Note: This story was originally published in July 2020. We had some updated versions since then, but we’re pulling this back up in case you missed it the first time around.
COVID has been incredibly disruptive, not just to our lifestyles but to our moods as well. Passions have been inflamed by differences in how (or if) we should respond. The Institute for Healthcare Improvement (IHI) has been collecting stories of COVID at this link. This seemed like a good opportunity to understand the underlying mood using sentiment analysis.
Sentiment Analysis is a sub-field of Natural Language Processing (NLP) that identifies the emotional valence of words (Silge & Robinson, 2020). I haven’t really seen sentiment analysis used in community-based projects, but it has the potential to be a useful tool in identifying trends and concepts that are associated with emotionally reactive topics. With that in mind, 1) Are IHI’s COVID stories positive or negative, and 2) how have the emotions changed over time? I looked at this in R using the phenomenal tidytext package.
I pulled and collected all the stories and associated metadata (like author and date published) off of IHI’s website. I then used two natural language processing techniques to analyze the stories. To obtain descriptive data, I used a Bag-of-Words (BOW) approach. BOW treats the words within a text as meaningful in and of themselves. The more frequently that a word occurs, the more relevant it is in descriptive analysis.
I used two preprocessing steps to prepare the text. I first removed stopwords: words that add little informative value to the overall text, such as “and,” “the,” and “with.” I then lemmatized the remaining words. Lemmatization involves converting a word down to its base form. In some cases, this involves making singular words plural. In others, it consists of normalizing the tense of the word (which is especially relevant when dealing with irregular verbs in English, such as “be”).
I used the bing lexicon (or group of words) for the sentiment analysis, which assigns words to a positive or negative sentiment (Liu, 2015).

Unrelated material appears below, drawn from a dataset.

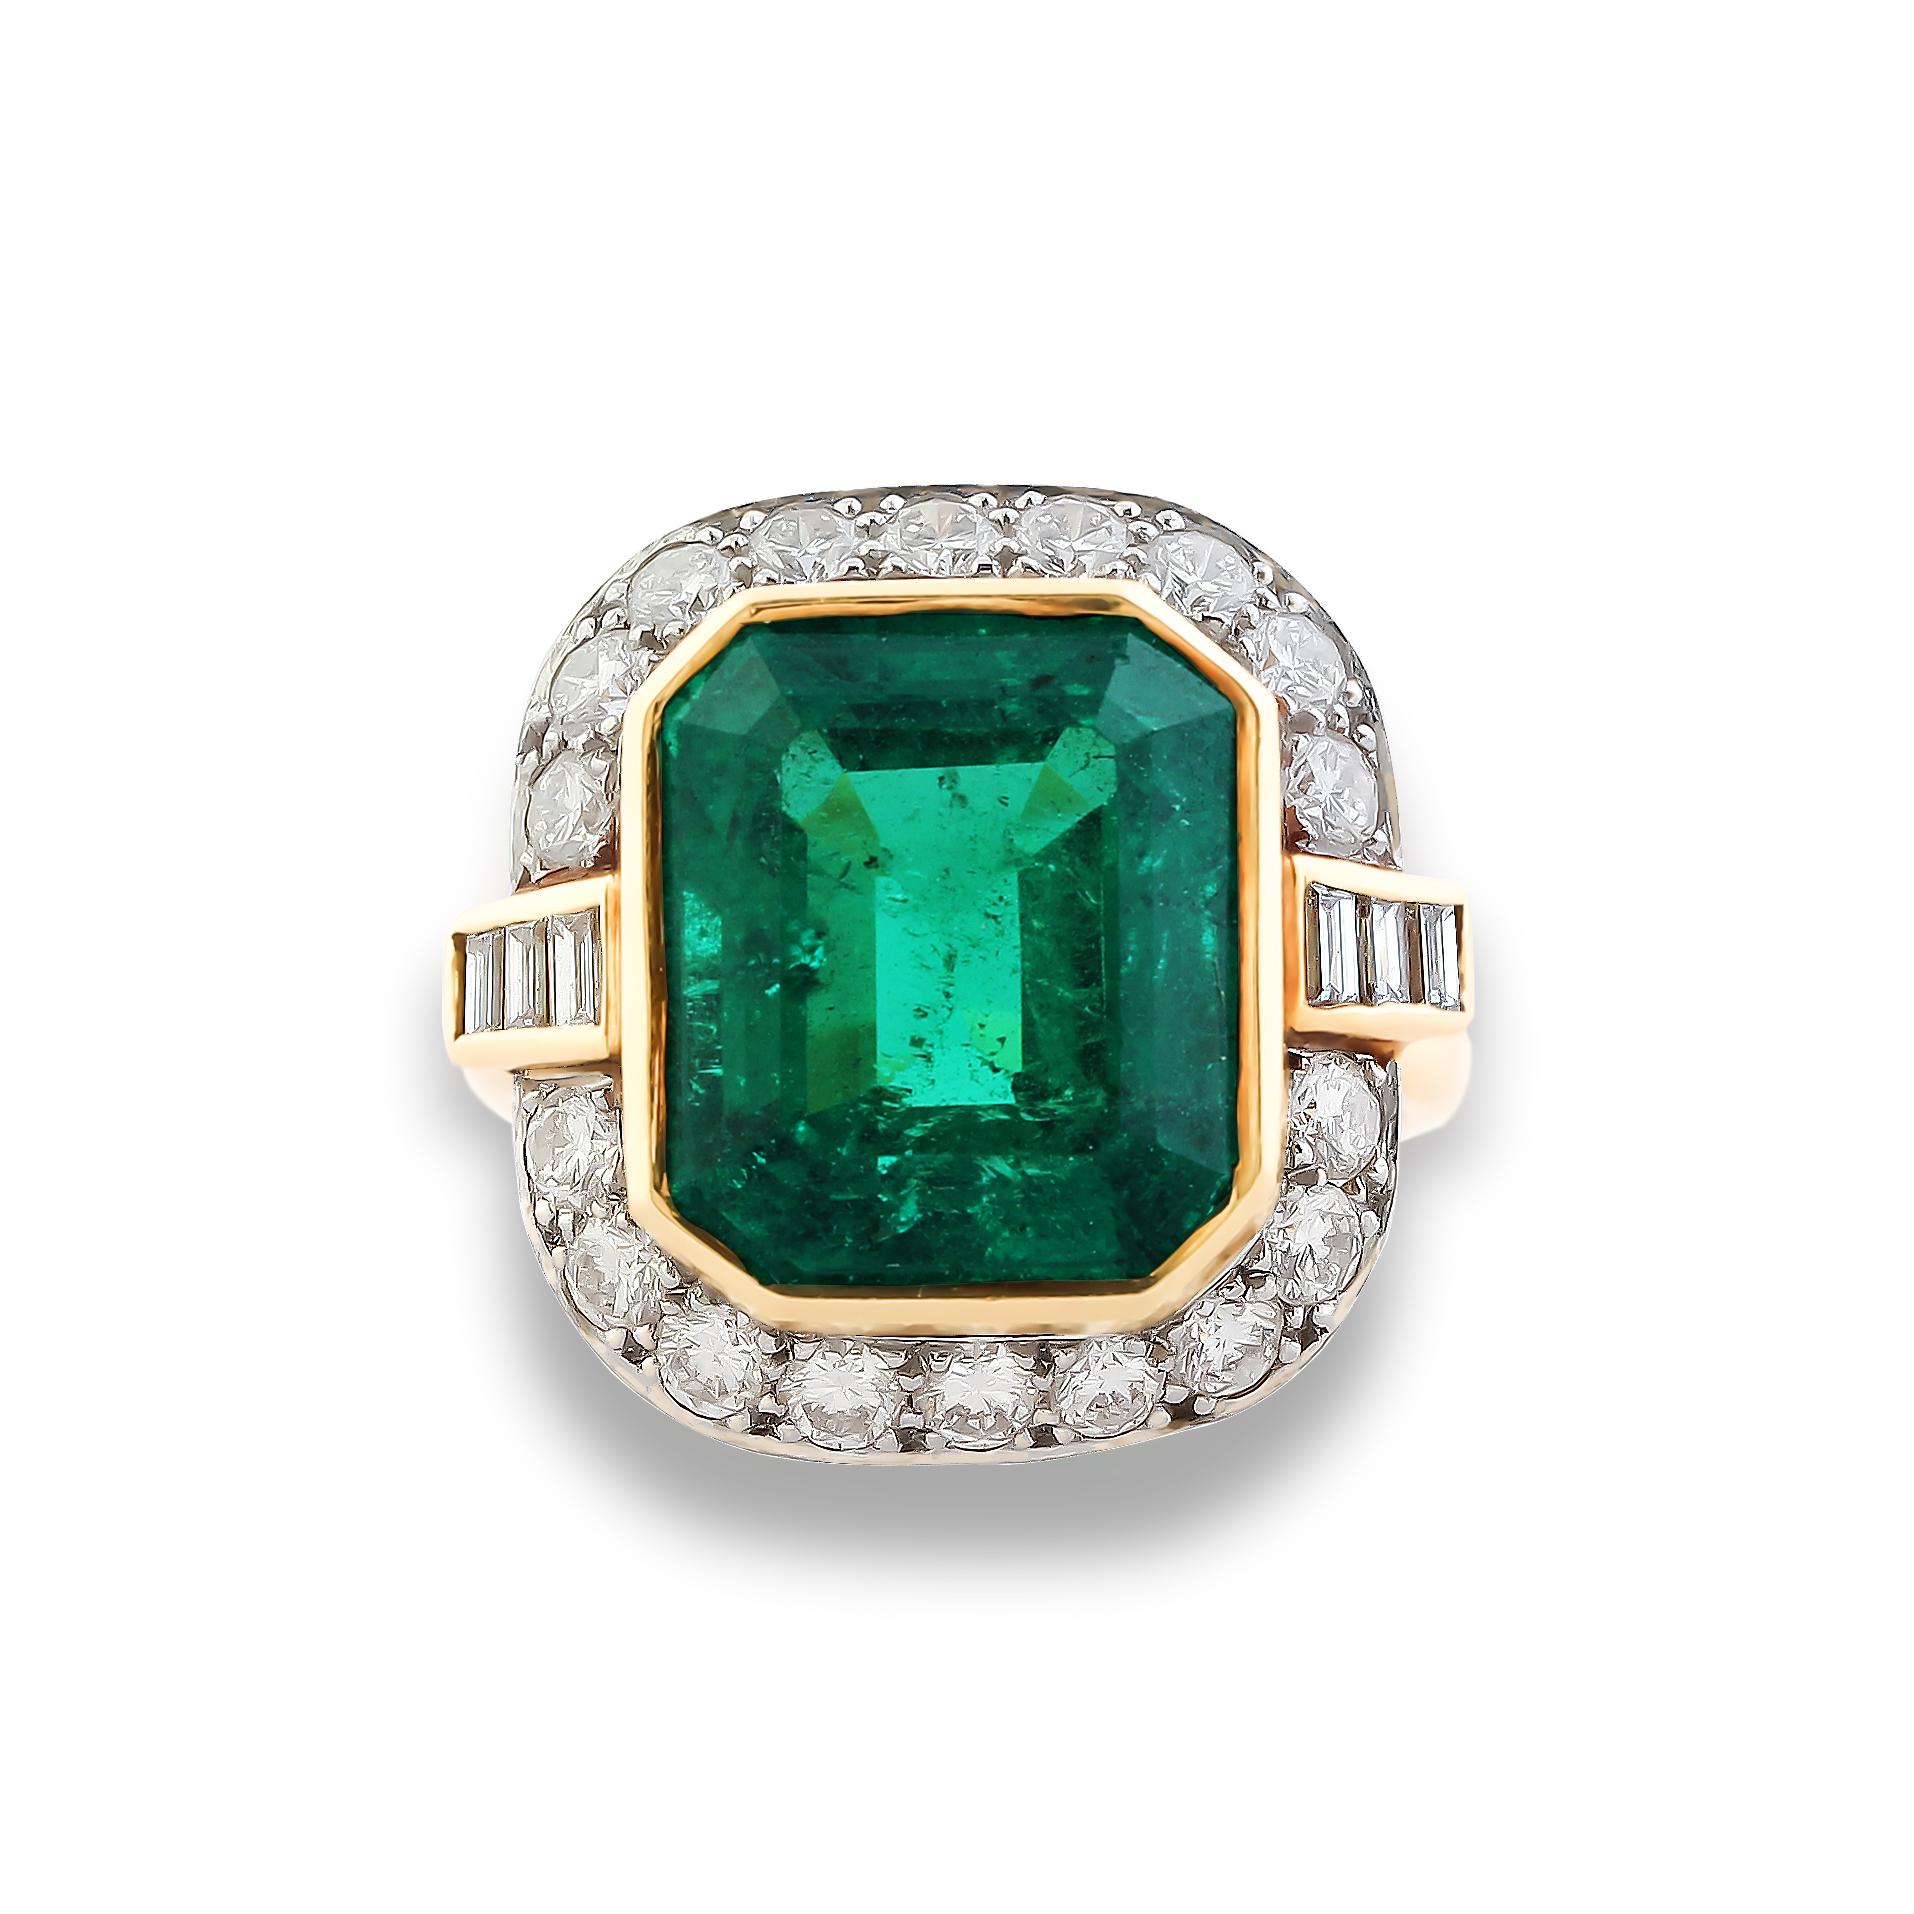 An elegant emerald and diamond engagement ring, set at the centre with a 7.20 carat emerald-cut Colombian emerald in a surround of round brilliant-cut diamonds and flanked by baguette-cut diamonds. Mounted in 18k yellow gold, circa 1960s. This piece

As of July 17, 2020, 55 stories were posted on the website. The histogram below shows the distribution of word counts across all stories (Figure 1).
One general challenge in NLP is negation, or when a word or phrase signifies that the word or phrase that follows should be interpreted in the opposite direction. Commonly, these are preceded by words like “not,” “won’t,” and so on. Therefore, I had to correct, for instance, the stories where phrases were preceded by negation. For example, “this is not great” has a negative valence. For the bing analysis, this involved switching the direction of the word (from positive to negative and vice versa).

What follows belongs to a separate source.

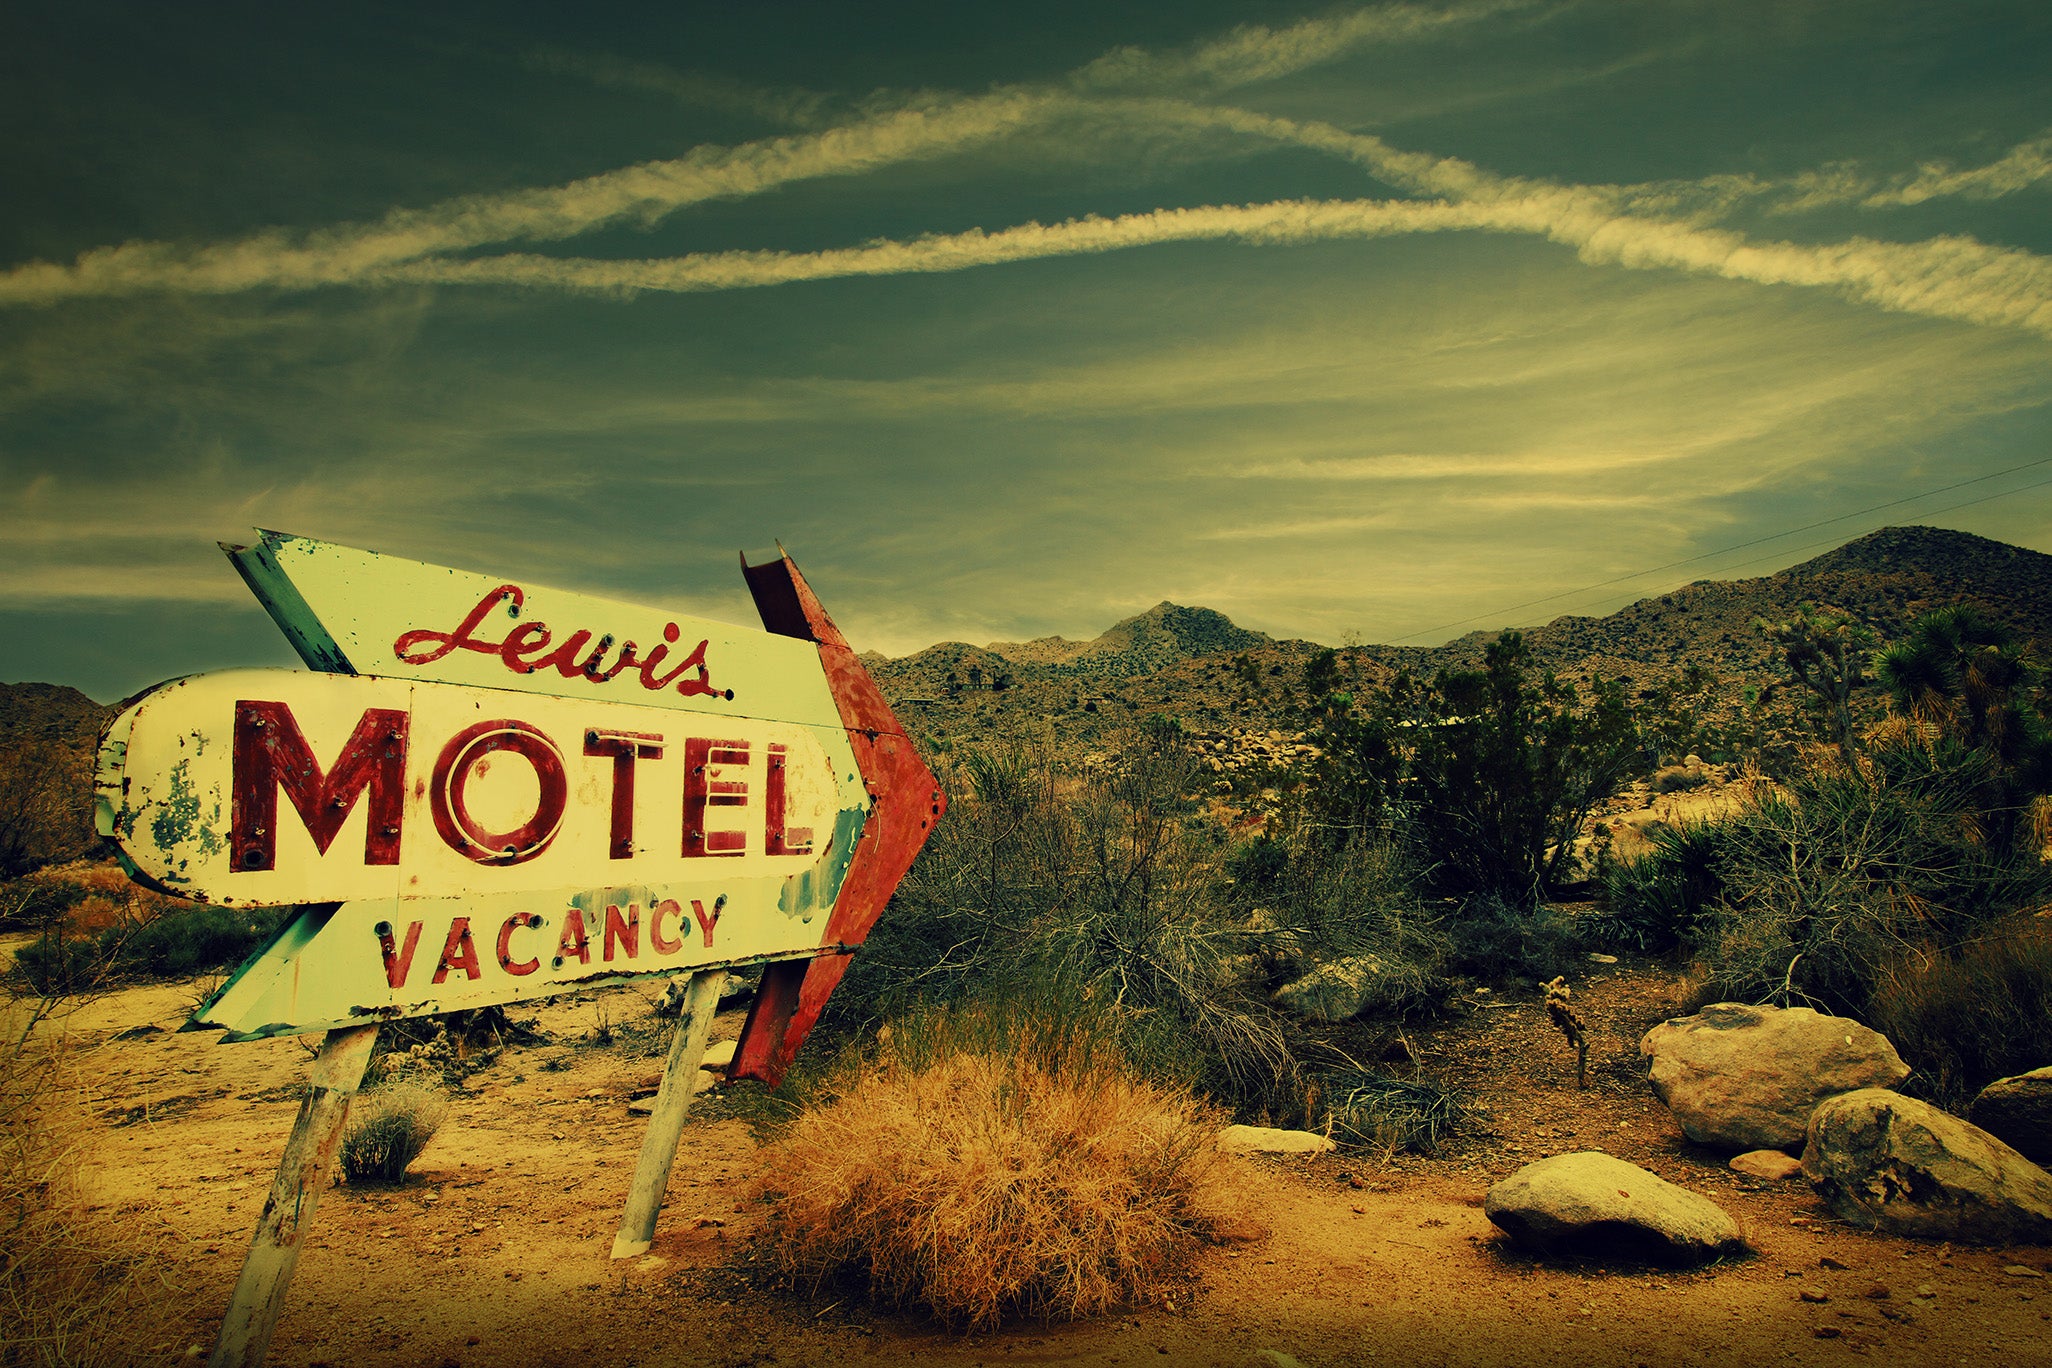 "Lewis Motel" by Shannon Black is a fine art photograph that showcases a vintage hotel sign standing in the the Joshua Tree desert, creating a striking juxtaposition between the remnants of the past and the timeless beauty of nature.

I then looked at the overall sentiment of the story, whether it was mostly positive or negative. Figure 5 shows the top stories for most positive or negative (net sentiment either greater than ten or less than -10.) The longer the bar, the more positive or negative the stories are.
I then looked at trends in sentiment over time, using the dates of when the stories were posted on the website. This figure shows wide swings in net sentiment over time before leveling out into a more neutral state.
The body of stories gathered by IHI displays a wide range of emotions, which seems on-the-face consistent with the experiences of many people over time. Although the number of stories has lessened over time, so has the intensity of emotional reactions.
Thinking more broadly, this brief analysis shows how sentiment analysis can be used to look at changes in community context on an emotional level over time. Community practitioners could use similar methods to look at specific issues that are of concern (e.g., police-community relations, housing policies.)
From a methods note, I could have made the code cleaner, but ¯\_(ツ)_/¯
References
Ignatow, G, & Mihalcea, R. (2018). An Introduction to Text Mining. Sage. Thousand Oaks, CA.
Liu, B. (2015). Sentiment Analysis: mining sentiments, opinions, and emotions.
Mohammad, S. M., Kiritchenko, S., & Zhu, X. (2013). NRC-Canada: Building the state-of-the-art in sentiment analysis of tweets. arXiv preprint arXiv:1308.6242.
Silge, J. & Robinson, D. (2020). Text Mining. A Tidy Approach. found here.